What’s the Story, Morning Glory?

I went to the sameAs meeting in London this week, where the theme of the meeting was storytelling. It’s the first time I’ve been to a sameAs meetup (I’m in Oxford at OeRC for the next few weeks and it’s a bit easier to get through to London from here than from Manchester) and it was an interesting evening.

As one of three talks, science writer and blogger Ed Yong told a tale that started 150 million years ago with a mayfly in some mud, and ended up with a scientist wandering around lost in a swamp [1]. The (ultimately successful) search resulted in a publication [2], but one of Yong’s points was that the (potentially interesting) back story about the search leading to the discovery of the fossil wasn’t related in the paper. Should it?

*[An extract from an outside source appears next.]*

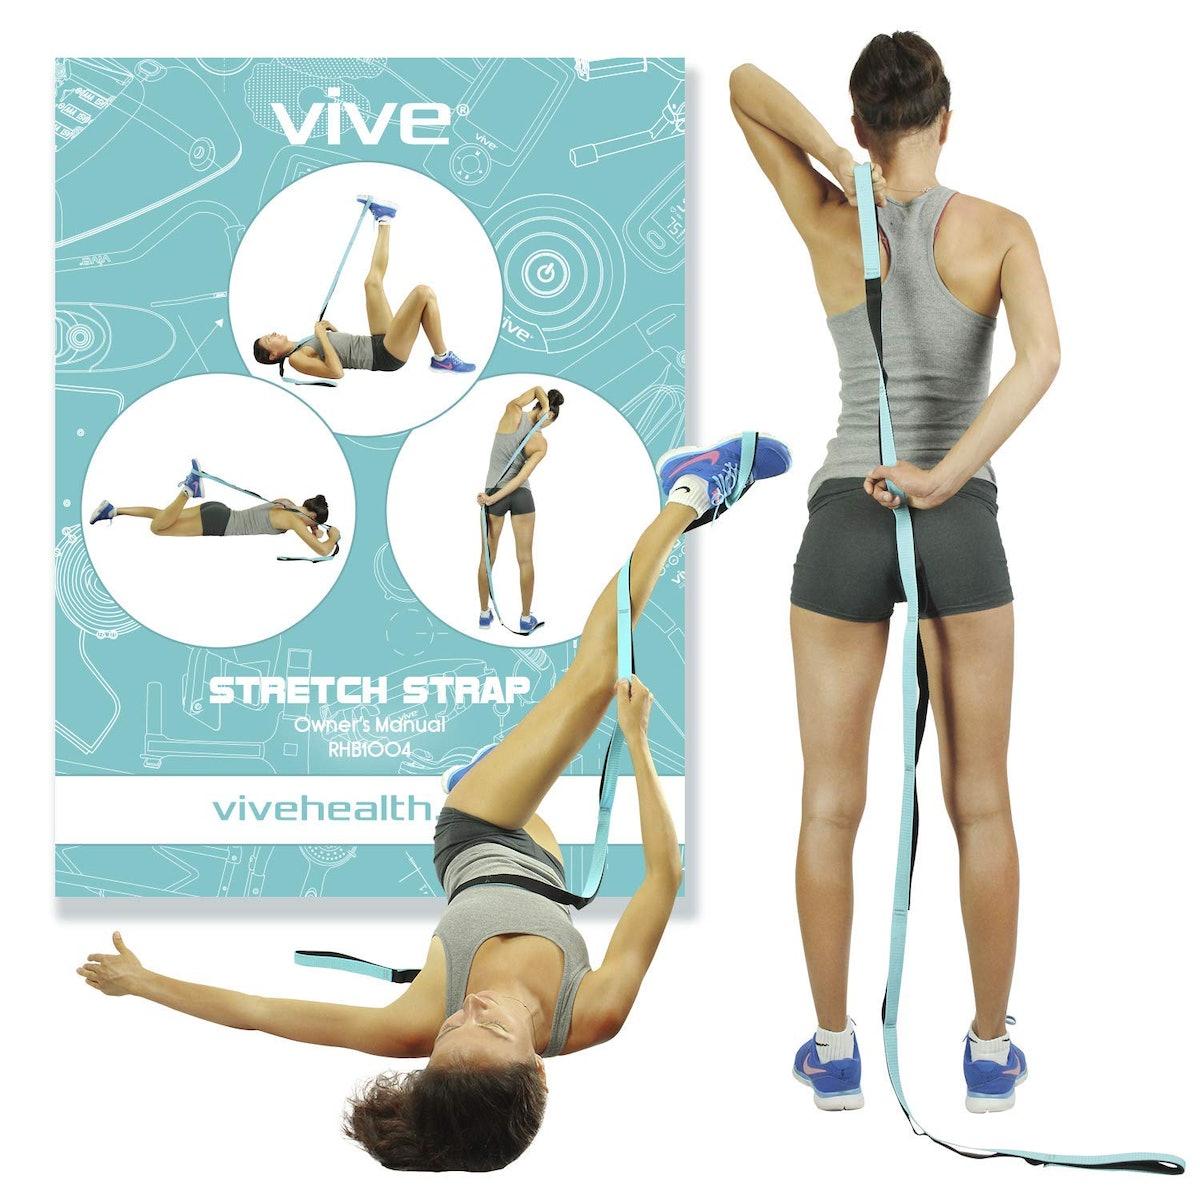 Vive Stretch Strap

To answer that question we’d have to think “is it important to the science that’s being presented in the paper”, or perhaps more concretely “will including this make it more likely that the paper will be accepted for publication”. For a majority of publication outlets, the answer to that is probably a no. But it certainly belongs somewhere — if nothing else, it provides a human side to the work that would help in public engagement or dissemination. Yong suggested that perhaps such information should be included in supplementary material. Many scientists are also now bloggers, so an obvious option is that we tell these additional stories through our blogs.

A question asked after the talk was whether narrative was really crucial to scientific papers. In my opinion (and based on my admittedly narrow experience of writing Computer Science papers) it certainly is — having a clear story to tell is vital if we are to write good, readable scientific papers. That doesn’t necessarily mean to say that we include all of the contextual detail (for example, stumbling lost around a swamp), but we do need a story to guide the reader.

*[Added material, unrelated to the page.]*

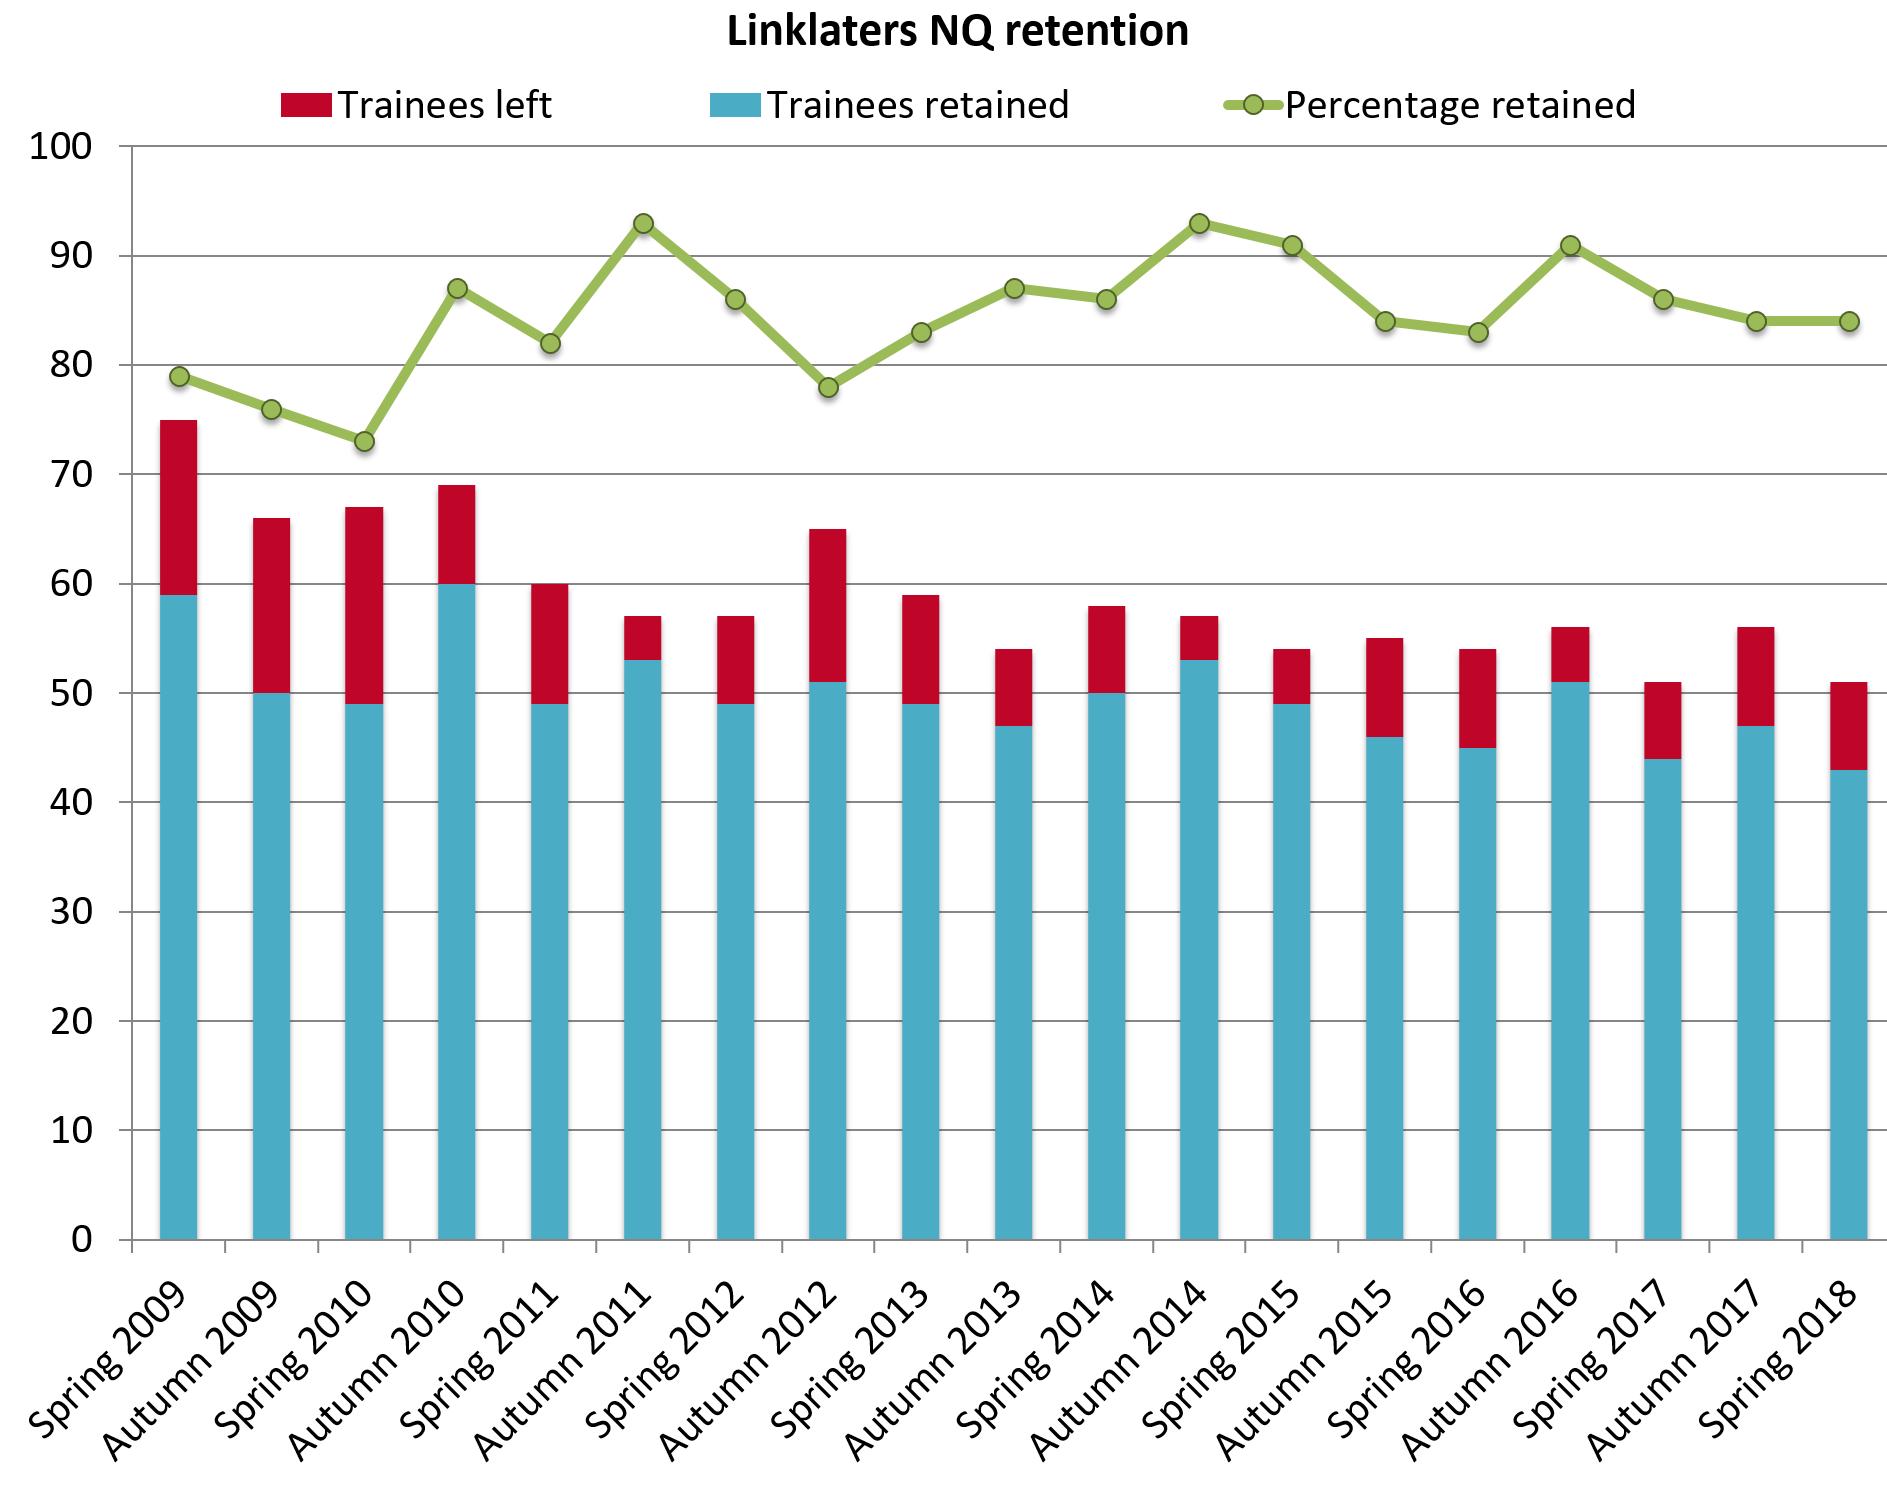 Linklaters retention 2018

As highlighted in some of the discussion after Yong’s talk, the way in which the story is told in a paper often doesn’t represent the true nature investigation. We may have gone down blind alleys, backtracked, repeated or redesigned experiments along the way. So the final paper presentation often isn’t a chronologically accurate description of the process. The story can get chopped up and reconstituted with a post hoc presentation of the timeline. That retelling of the story may end up losing some key information for those wishing to understand the process that the authors went through.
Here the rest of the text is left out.